Material provided Start Marker
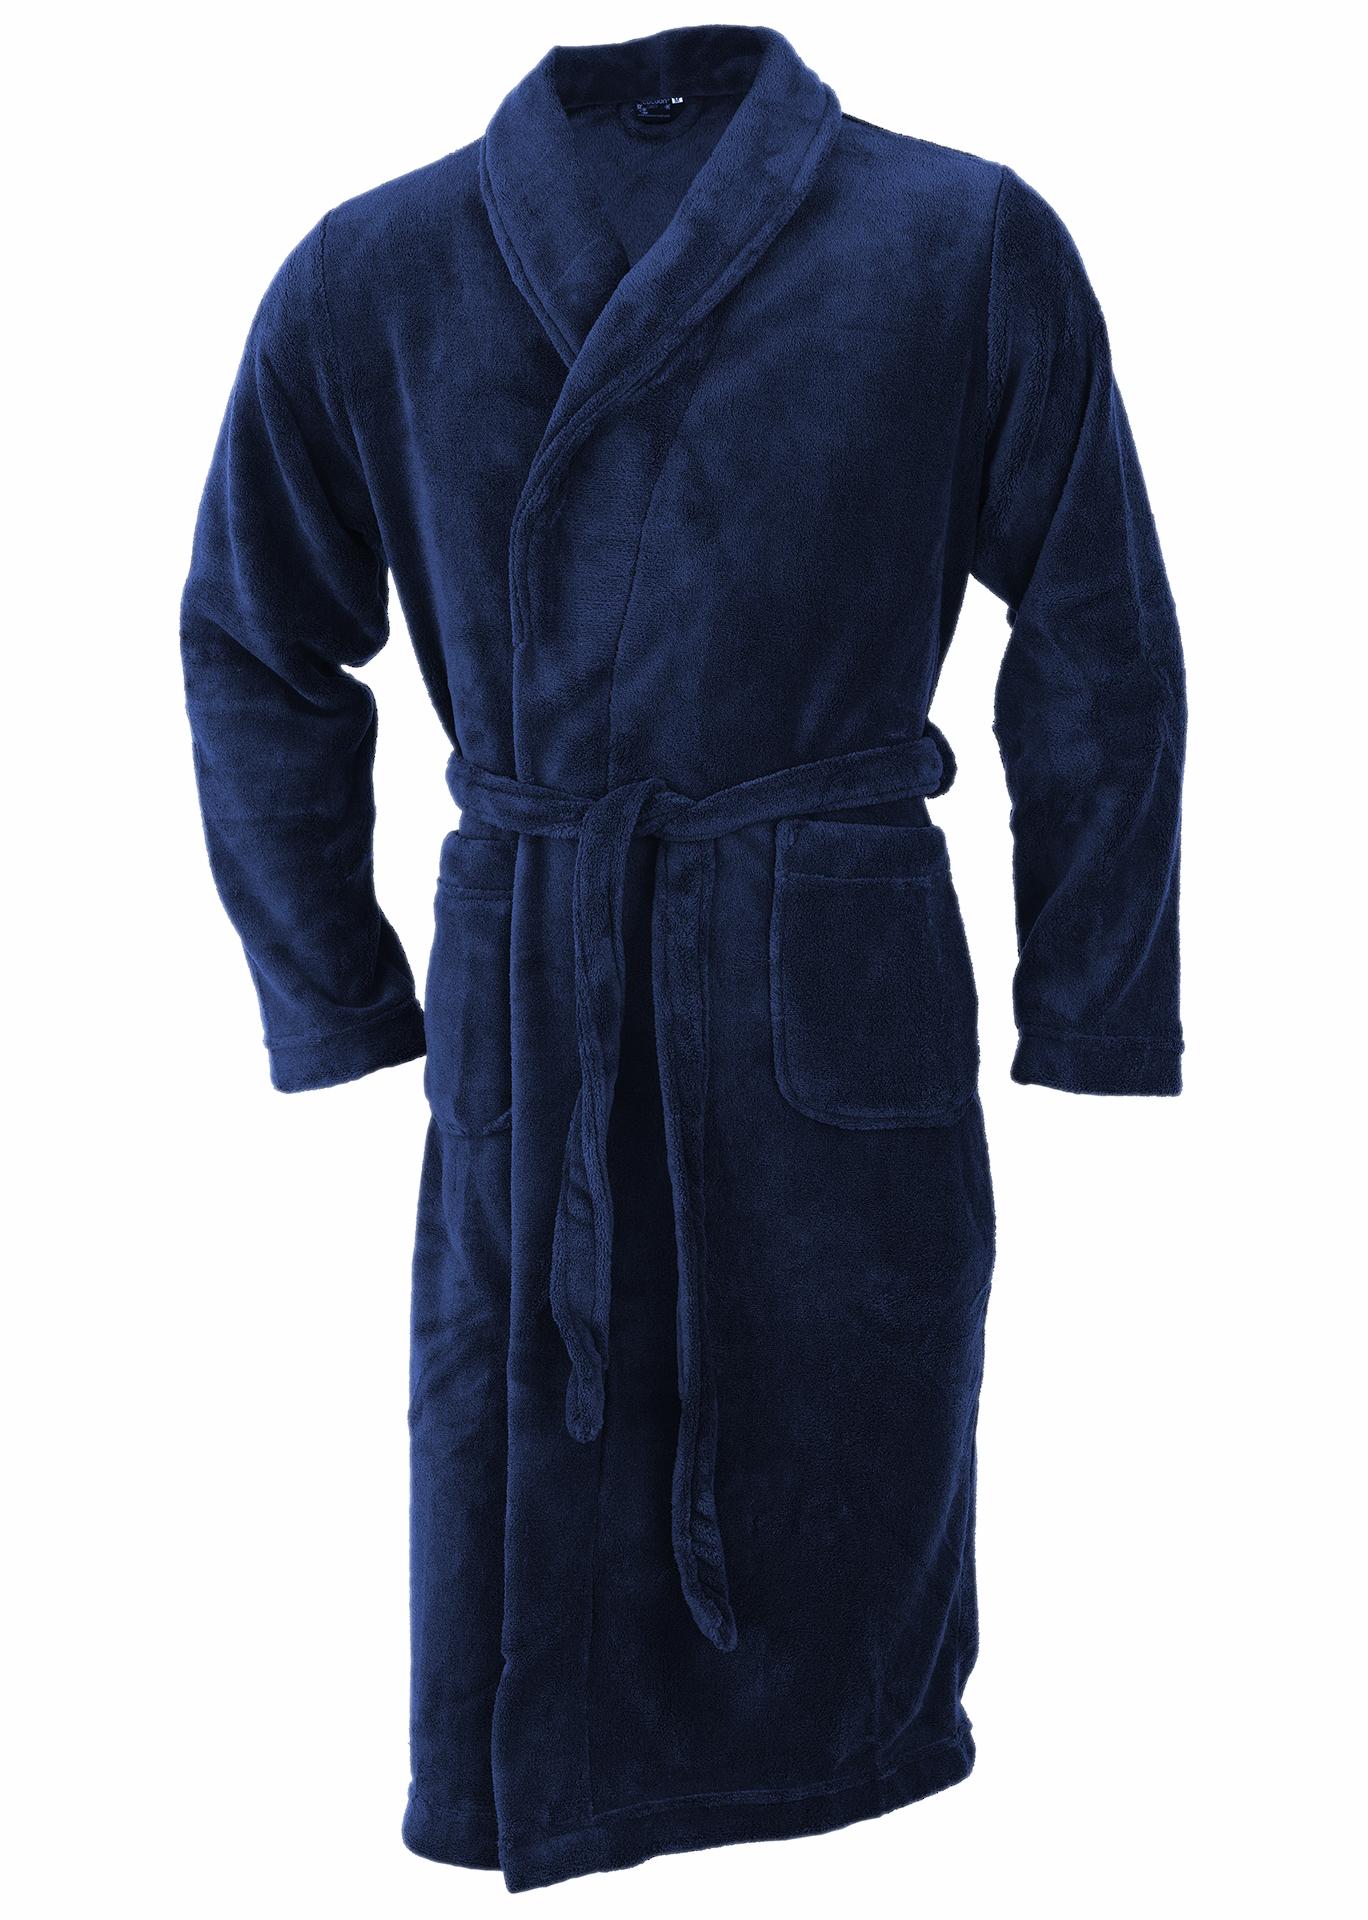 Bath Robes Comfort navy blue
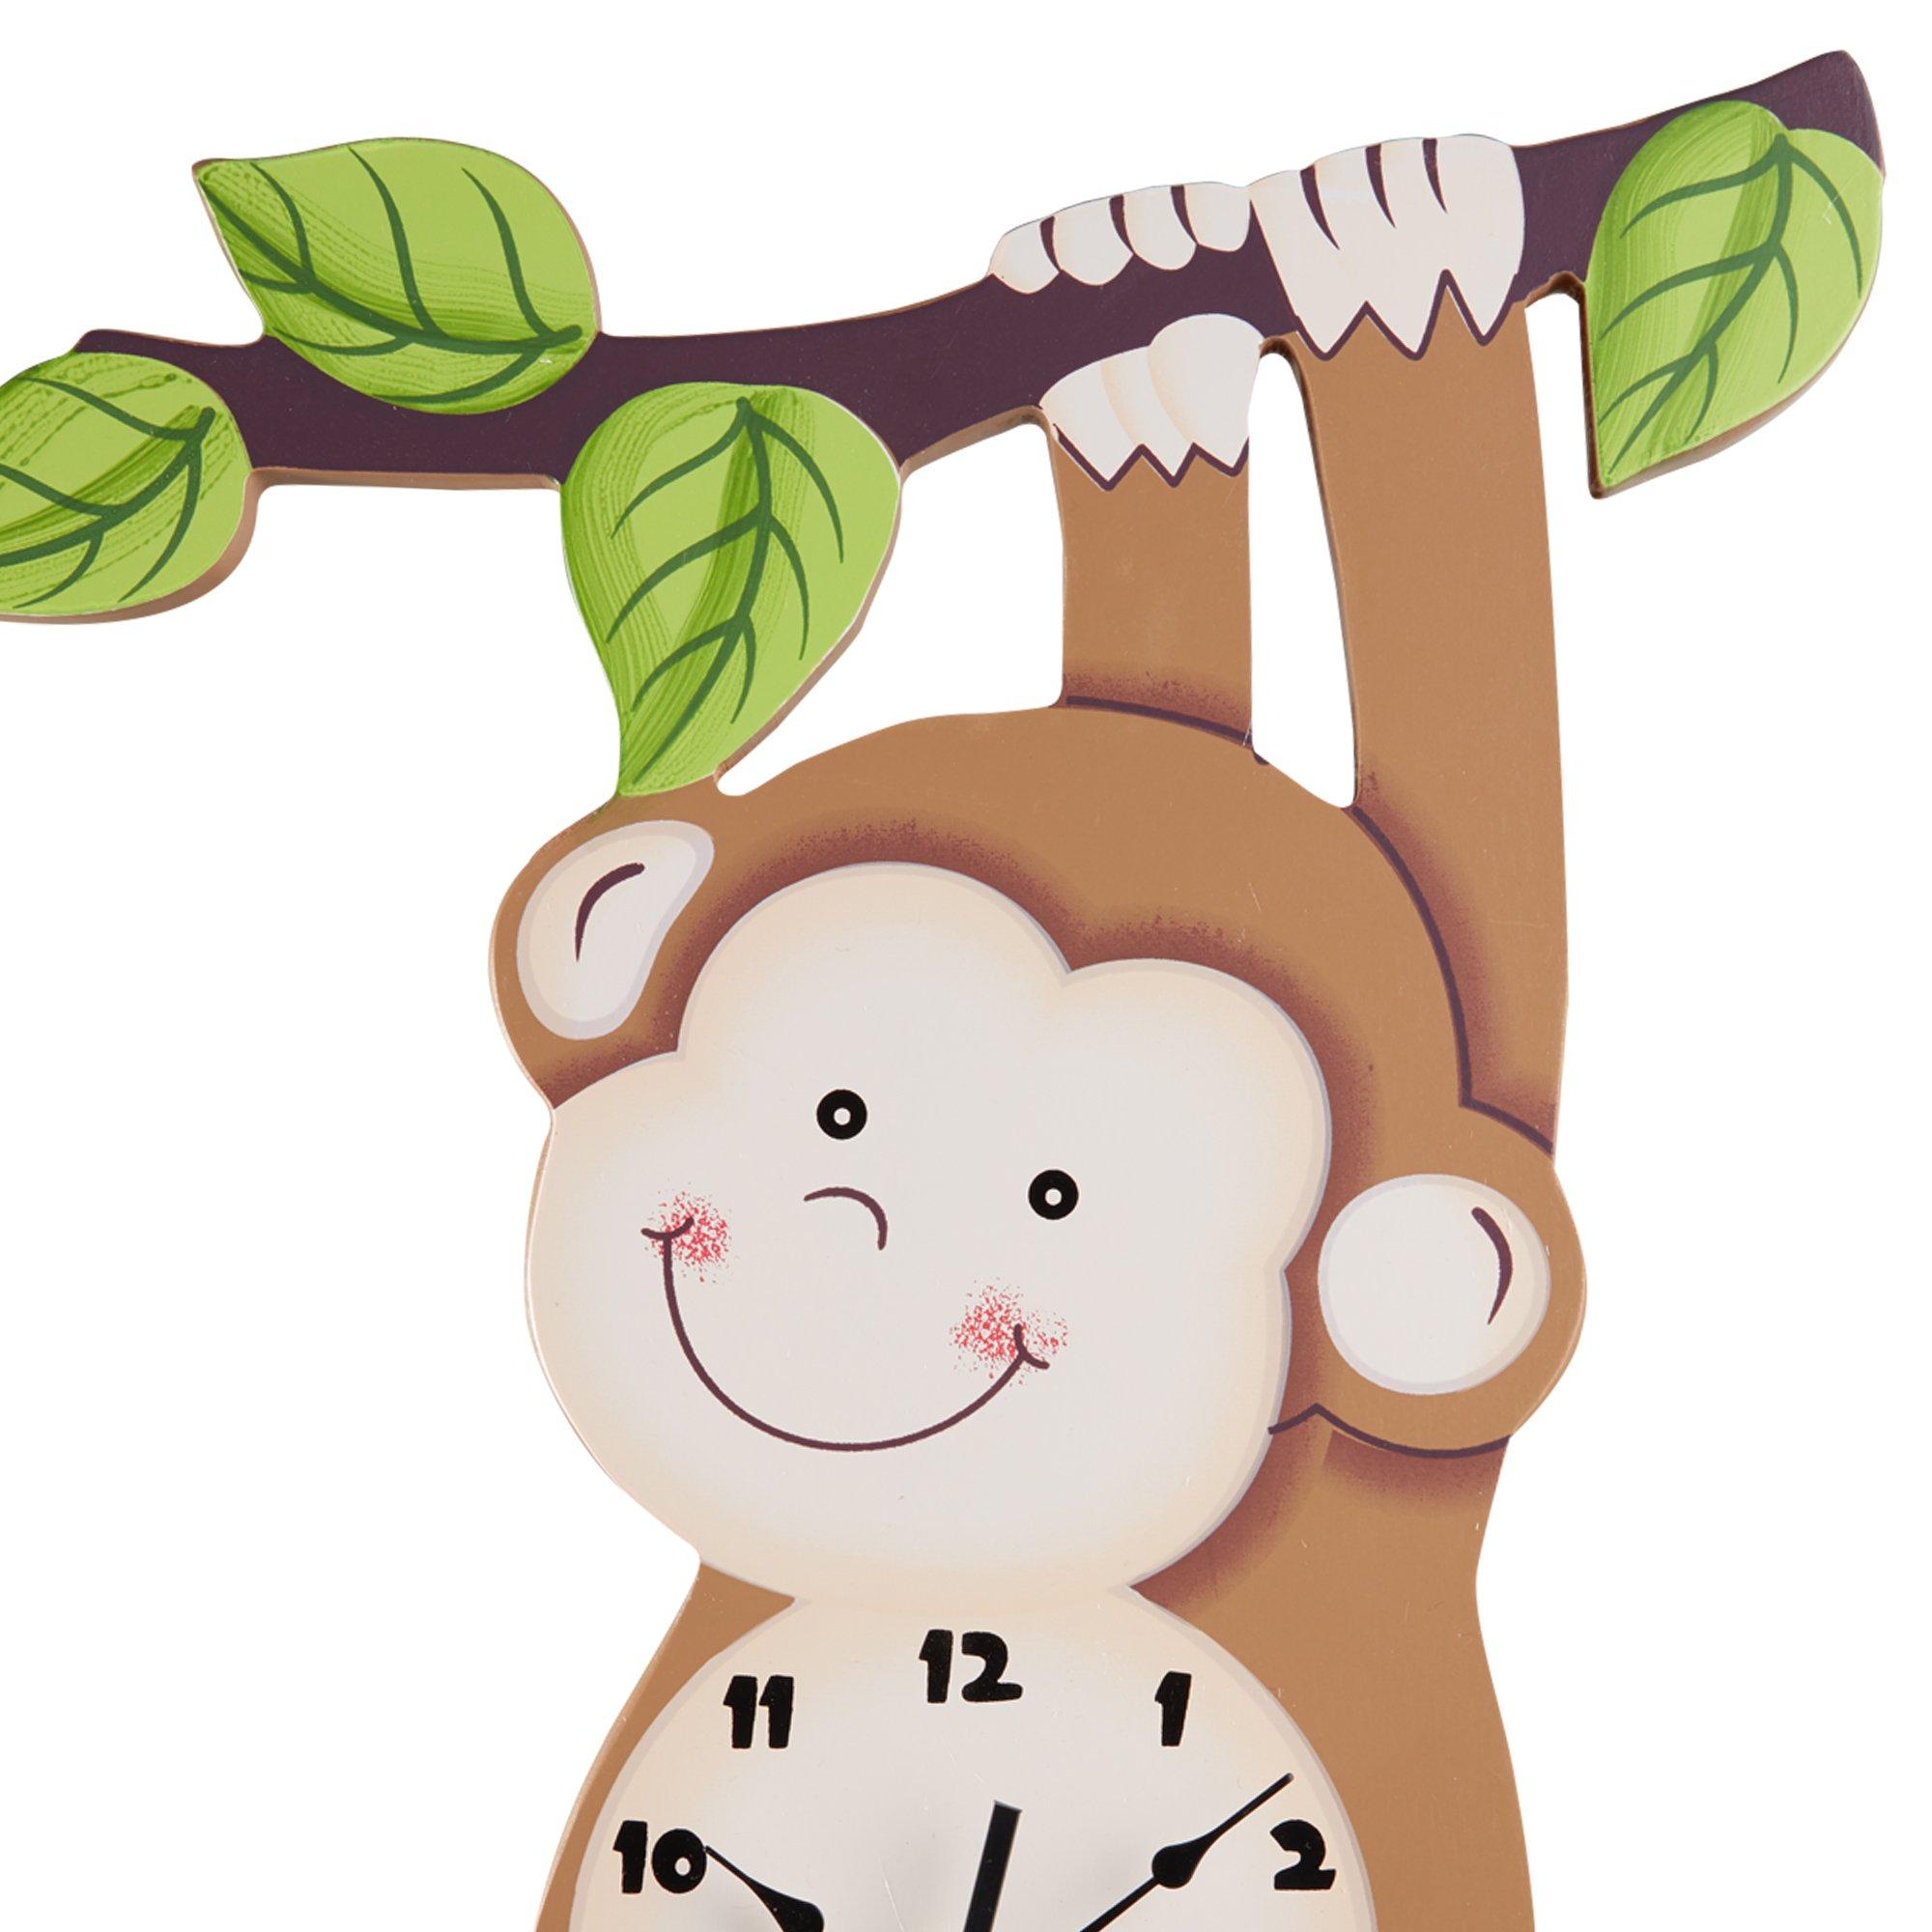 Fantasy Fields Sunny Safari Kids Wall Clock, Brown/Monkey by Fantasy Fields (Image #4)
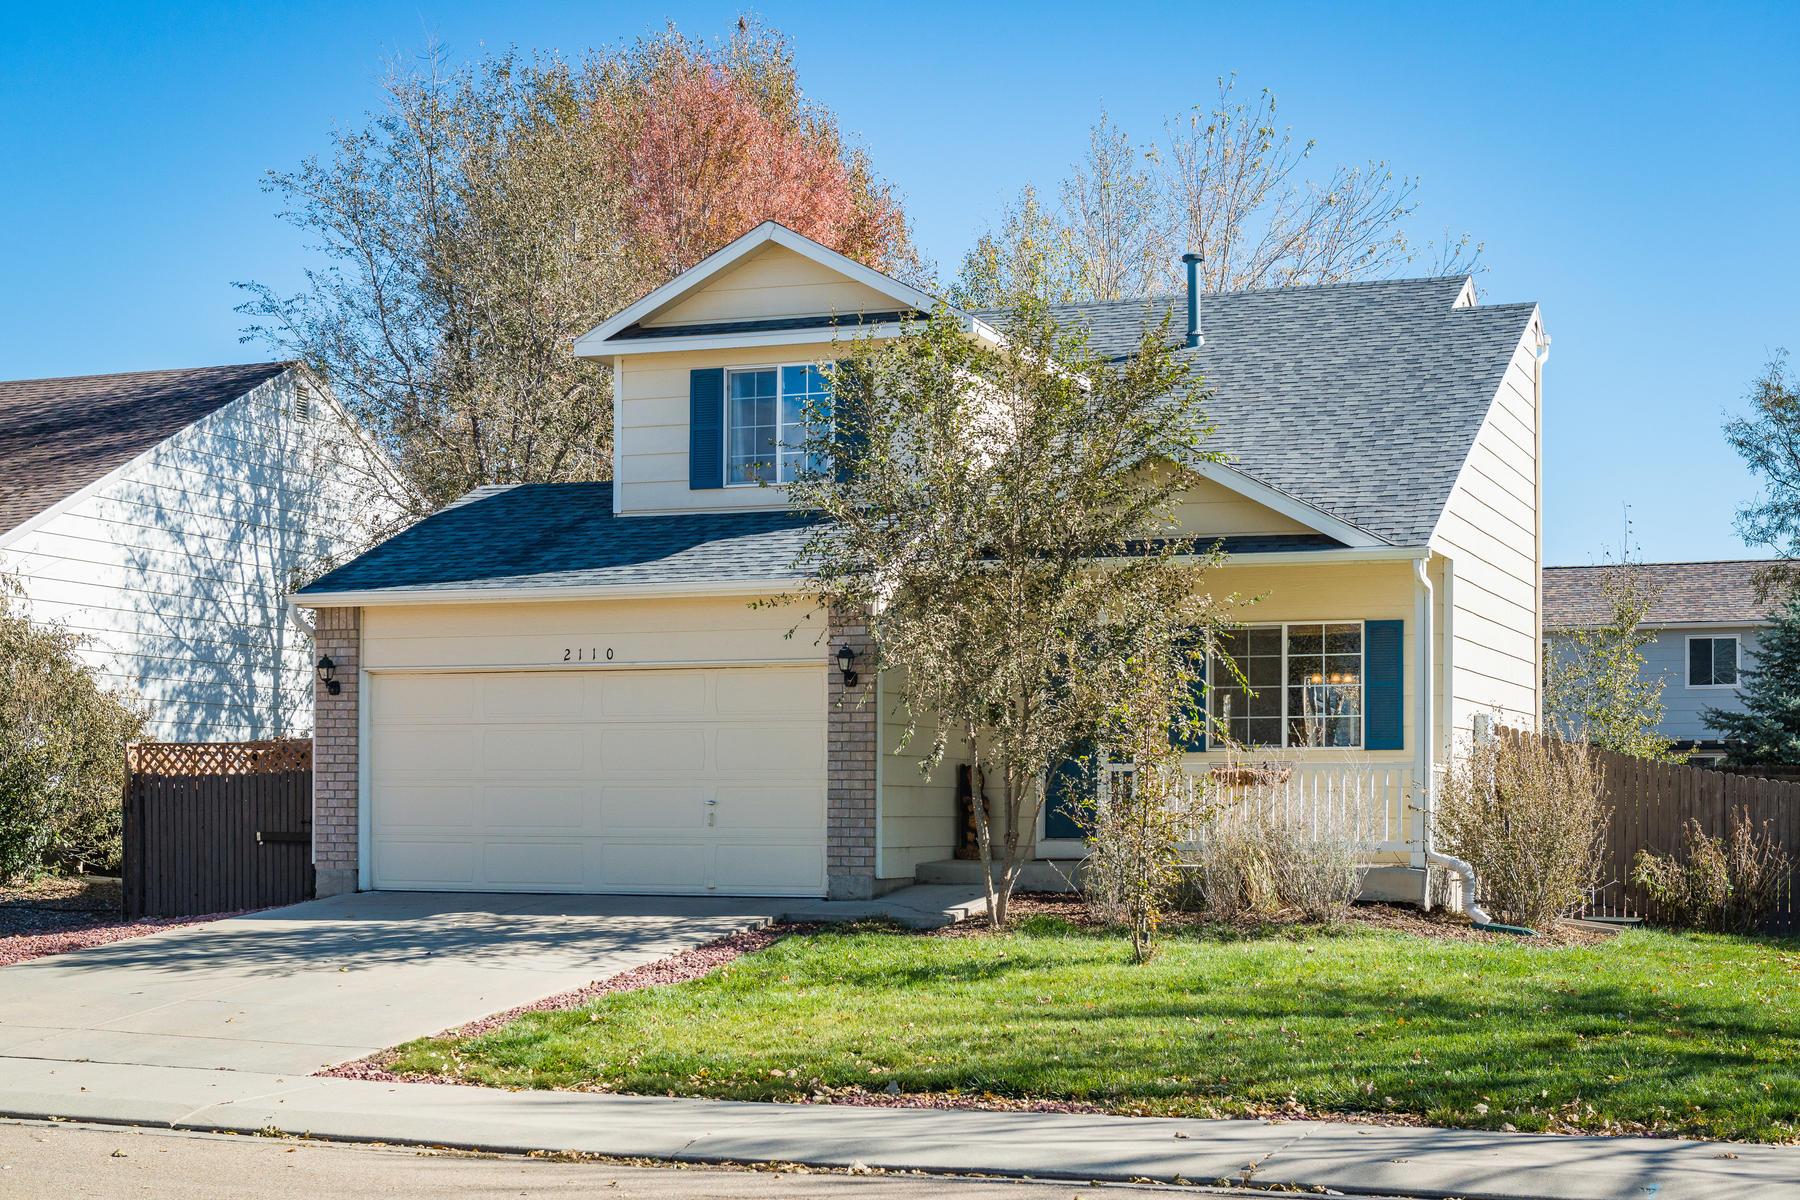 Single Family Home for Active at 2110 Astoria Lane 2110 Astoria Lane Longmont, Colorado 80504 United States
Material provided End Marker
> _Work to complete_
With the pictures omitted, the material is to be transcribed exactly.

> _Result of this task_
 Bath Robes Comfort navy blue
 Fantasy Fields Sunny Safari Kids Wall Clock, Brown/Monkey by Fantasy Fields (Image #4)
 Single Family Home for Active at 2110 Astoria Lane 2110 Astoria Lane Longmont, Colorado 80504 United States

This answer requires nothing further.